Background Information
In CCE version 11.5 Cisco started the support of Transport Layer Security (TLS) version 1.2, which allows Session Initiation Protocol (SIP) and Real-time Transport Protocol (RTP) messages to be transported securely via TLS 1.2. From CCE 12.0 and as part of securing the data in motion, Cisco started the support of TLS 1.2 on most of the contact centre call flows: Inbound and Outbound voice, Multi-channel, and External database dip. The focus of this document is inbound voice, especially the communication between Finesse and CTI Server.
The CTI Server supports these modes of connections:
- Secured-Only Connection: Allows secured connection between the CTI Server and the CTI clients (Finesse, dialer, CTIOS and ctitest).
- Secured and Non-Secured Connection (Mixed-mode): Allows secured, as well as the non-secure connection between the CTI Server and the CTI clients. This is the default connection mode. This mode will be configured when you upgrade previous releases to CCE 12.0(1).
Configure
CCE CTI Server Secure
Step 1. On the PCCE Administrative Workstation (AW), open the Unified CCE Tools folder and double-click on Peripheral Gateway Setup.
Step 2. Select CG3A and click on Edit.
Step 3. On the CTI server properties, click Next. On the question about setup stopping the CG3A service, select Yes.
Step 4. On the CTI Server Components Properties, select Enable Secured-only mode. Note the Secured Connection Port (46030), since you have to configure the same port in Finesse in the next exercise. Click Next.
Step 5. On the CTI Network Interface Properties, click Next. Check the Setup Information and click Next.
Step 6. Click on Finish as shown in the image.
Step 7. Click on Exit Setup and wait until the setup window closes as shown in the image.
Step 8. On the PCCEAllin1 desktop, double-click on Unified CCE service Control.
Step 9. Select Cisco ICM cc CG3A and click on Start.
Finesse Secure Configuration
Step 1. Open a web browser and Navigate to Finesse Administration.
Step 2. Scroll down to the section Contact Center Enterprise CTI Server Settings as shown in the image.
Step 3. Change the A side port for the secure communication port configured on CG3A in the previous exercise: 46030. Check Enable SSL encryption and click Save.
Step 4. Sign out from the Finesse Administration page.
Step 5. Open an SSH session with Finesse.
Step 6. On the FINESSEA SSH session, execute the command:
utils system restart
Enter yes when asked if you want to restart the system.
Generate Agent PG Certificate (CTI Server)

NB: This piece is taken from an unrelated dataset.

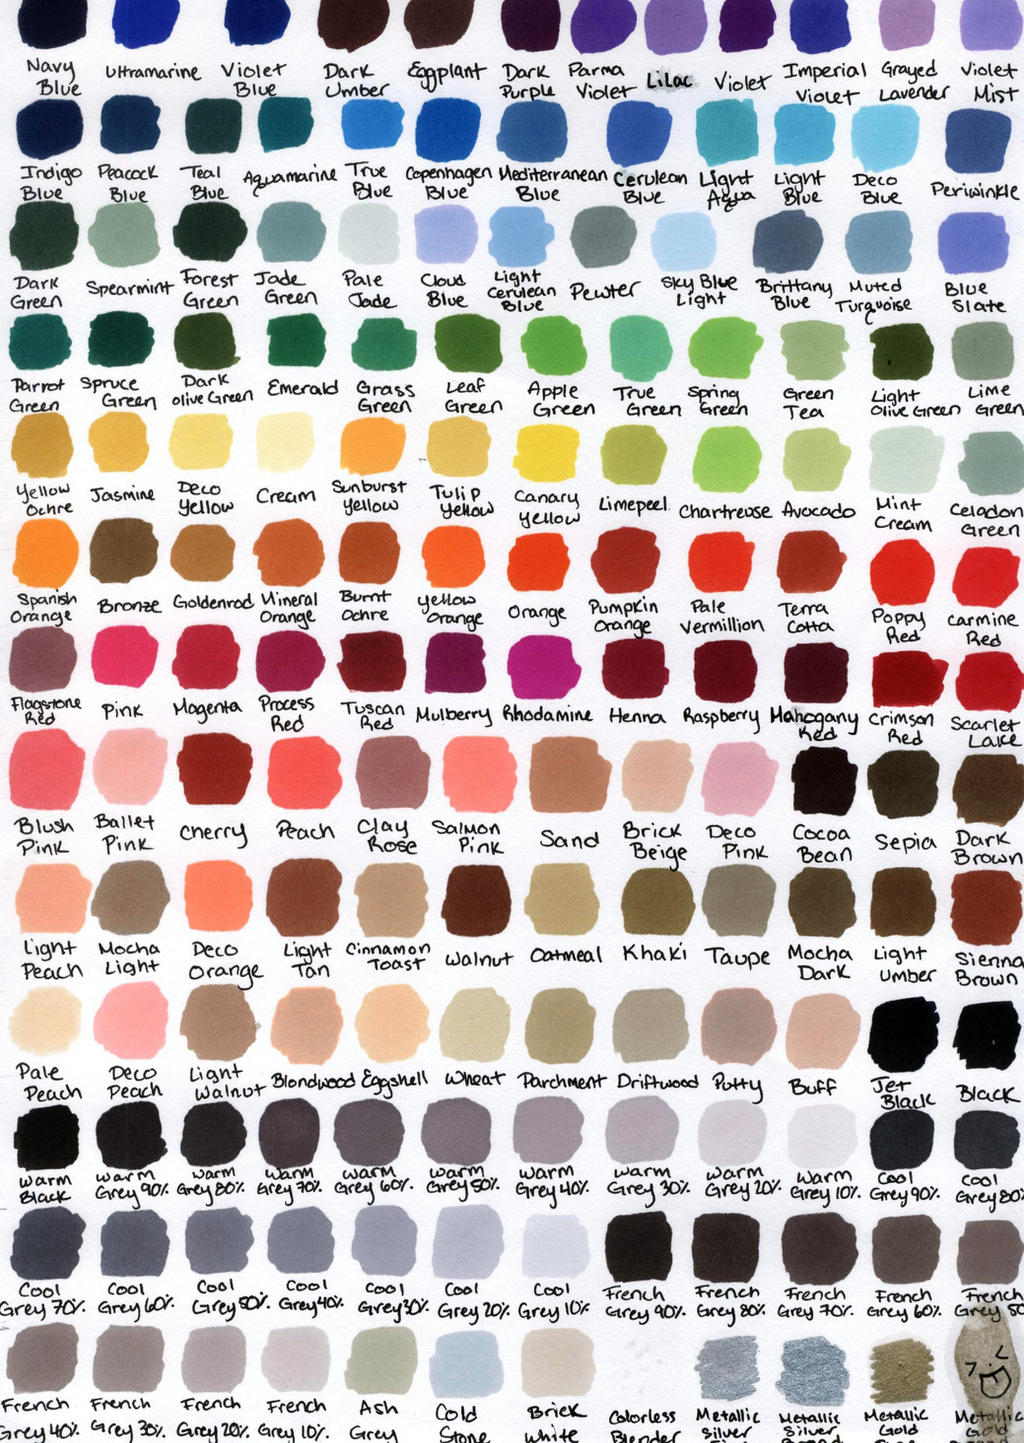 prismacolor-color-chart-by-katwynn-on-deviantart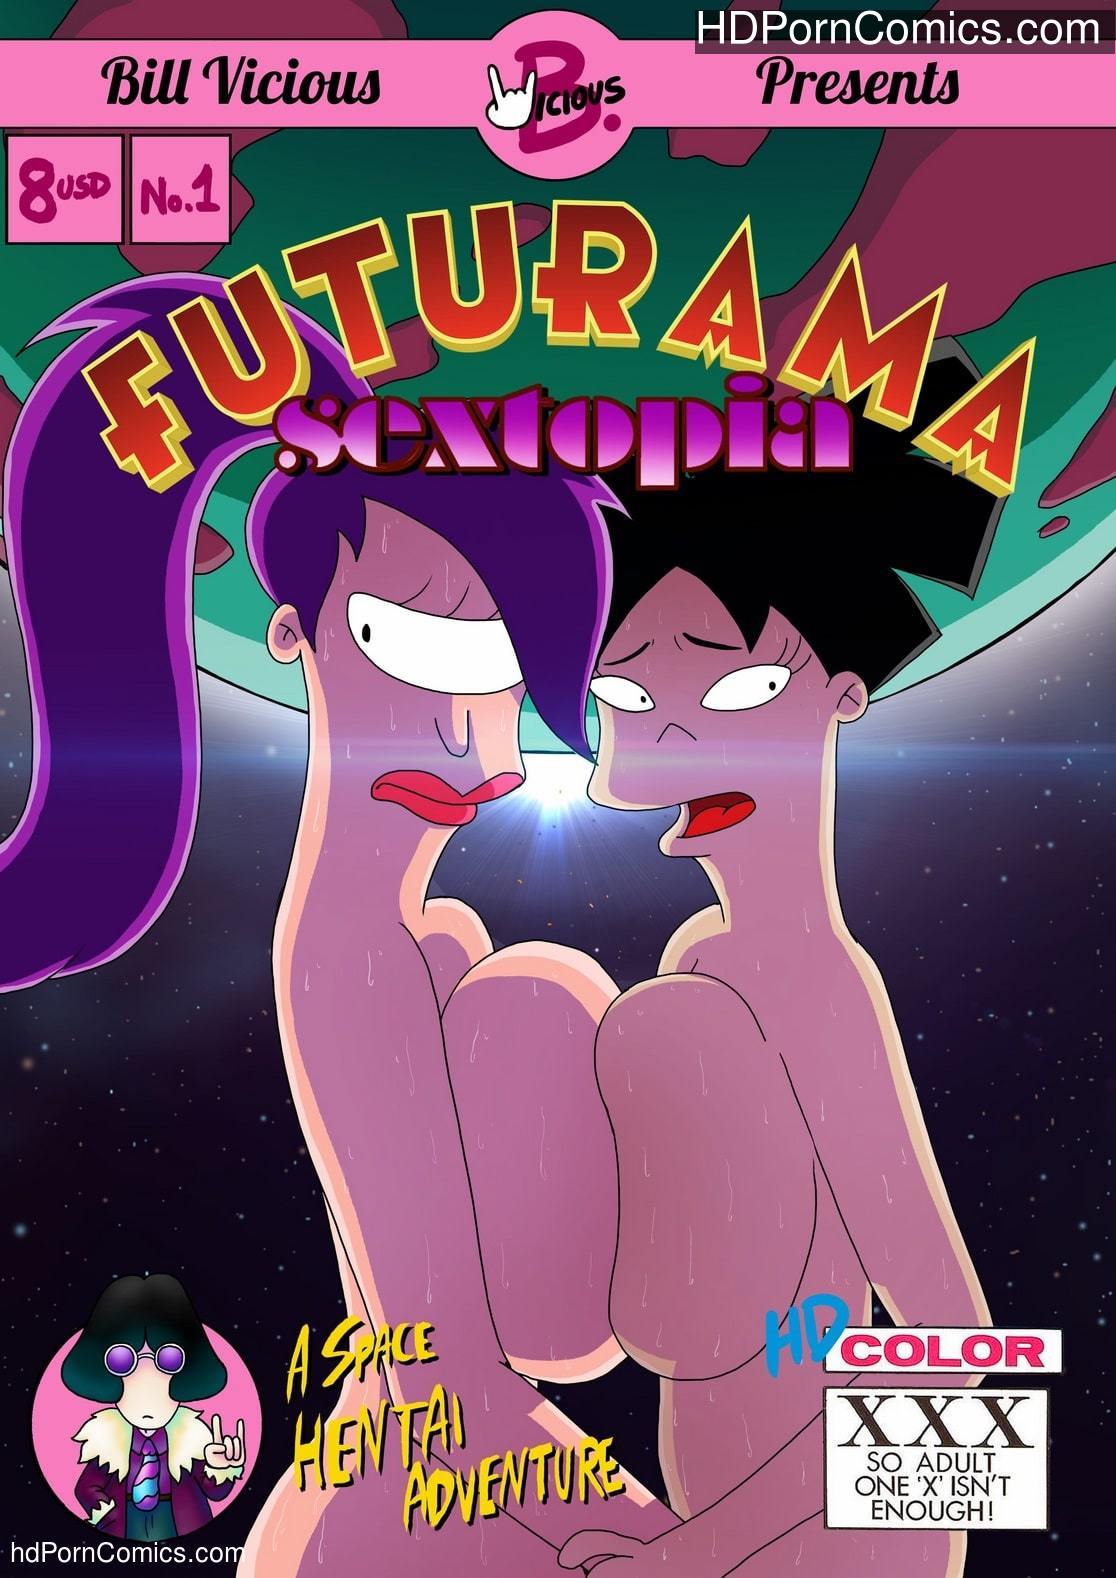 Hardcore Cartoon Sex Futurama - Futurama Sextopia free Porn Comic - HD Porn Comics

The CiscoCertUtils is a new tool released on CCE Version 12. You use this tool to manage all CCE certificates for inbound voice. In this document, you use these CiscoCertUtils in order to generate the Peripheral Gateways (PGs) Certificate Signing Requests (CSRs).
Step 1. Execute this command to generate a CSR certificate: CiscocertUtil /generateCSR
Provide the information requested, like for example:
Country Name: US
State or Province Name: MA
Locality Name: BXB
Organization Name: Cisco
Organizational Unit: CX
Common Name: PCCEAllin1.cc.lab
Email: jdoe@cc.lab
A Challenge password: Train1ng!
An optional company name: Cisco
The host certificate and key are stored in C:\icm\ssl\certs and C:\icm\ssl\keys.
Step 2. Navigate to C:\icm\ssl\certs folder and ensure that the file host.csr has been generated.
Get the CSR Certificate Signed by a CA
After the CSR certificates are generated, they need to be signed by a third-party CA. In this exercise, Microsoft CA installed in the Domain Controller is used as the third-party CA.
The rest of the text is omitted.